當一個素有刀子嘴之稱、有著女強人外表的漂亮女孩忽然展現出脆弱的一面,很多男生都會涌出一股強烈的憐愛之情,然后把憐愛悄悄轉換成愛情,任平生就是這樣。
而在死黨范飛面前,任平生一直不承認這點,一直說自己是喜歡上了許靜的36d大胸,但真正的原因,就連范飛也沒猜到。
范飛畢竟還是個沒有戀愛經歷的處男,雖然理論知識看了不少,但“紙上得來終覺淺,絕知此事要躬行”這句話是沒錯的,范飛仍然是個只會紙上談兵的家伙。

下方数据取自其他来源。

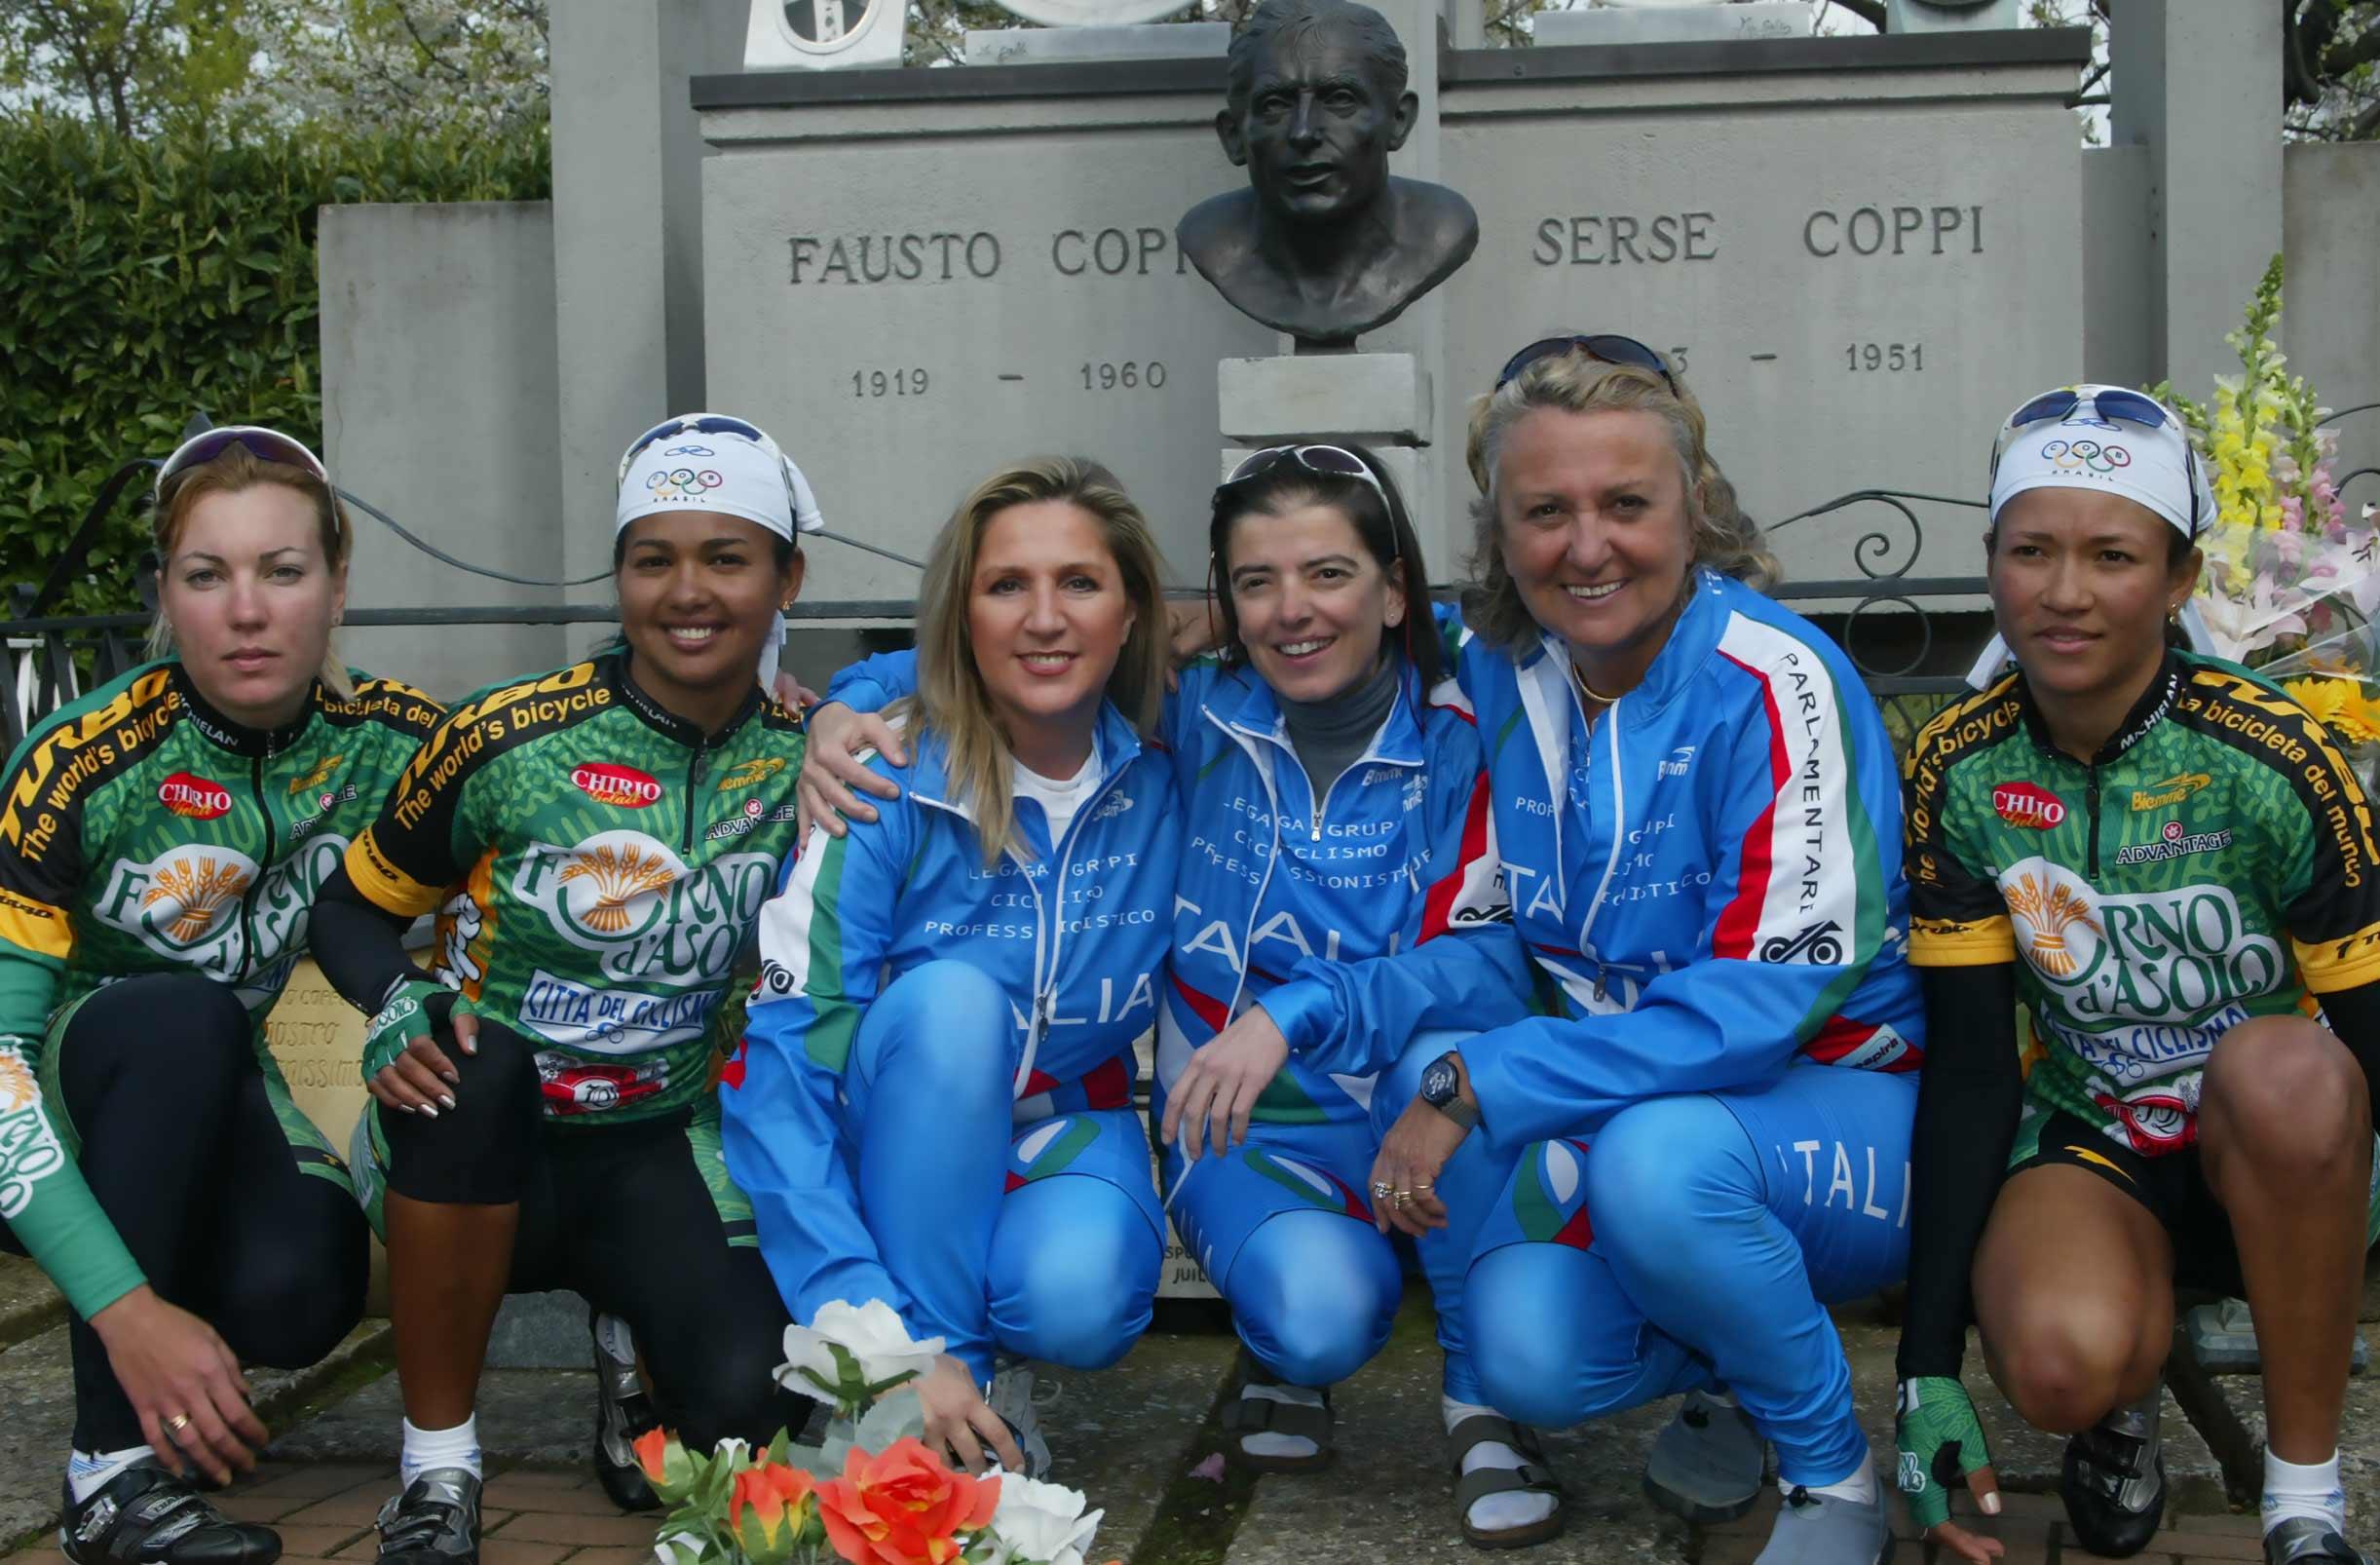 Novi Ligure (AL), 18 aprile 2004 - Mausoleo di Fausto e Serse Coppi con Laura Cima e Carmen Motta della squadra parlamentare di ciclismo

事后范飛也抹了把冷汗,他的耳朵并不是時時都能聽清楚遠方的細微聲音的,那樣他的耳朵也受不了。所以只有在集中精力傾聽某個方向的聲音時,才會有比較好的效果,否則也比普通人的聽力好不了太多。而如果他沒有這種異能,或者當時沒去聽同學們的腳步聲,也就聽不到這段對話,他的目光自然也就會被性感無比的許靜給俘虜五秒以上,或許還真會精.蟲上腦地喜歡上許靜這個狐貍精,那么結局會有多悲慘,幾乎是用腳趾頭也能想到的。
另外,這樣一來,如果丁詩晨在與許靜交談時說的“起碼有一個人不會”的這句話是指自己,那么丁大小姐就要給許大小姐洗上一年的臭襪子,那么自己或許就要承受無窮無盡的怨氣了,以后也別想和丁詩晨保持一種良好的友誼關系了。作為曾和丁詩晨同桌一年并一直對丁詩晨抱有好感的他,顯然不愿意承受這樣的災難性后果。
也是從那一次起,范飛開始喜歡偷聽別人的談話,從中收集對自己有用的信息,樂此不疲。
這就是一番對話和一件衣服的來由,也是許靜被范飛安上狐貍精名頭的來由。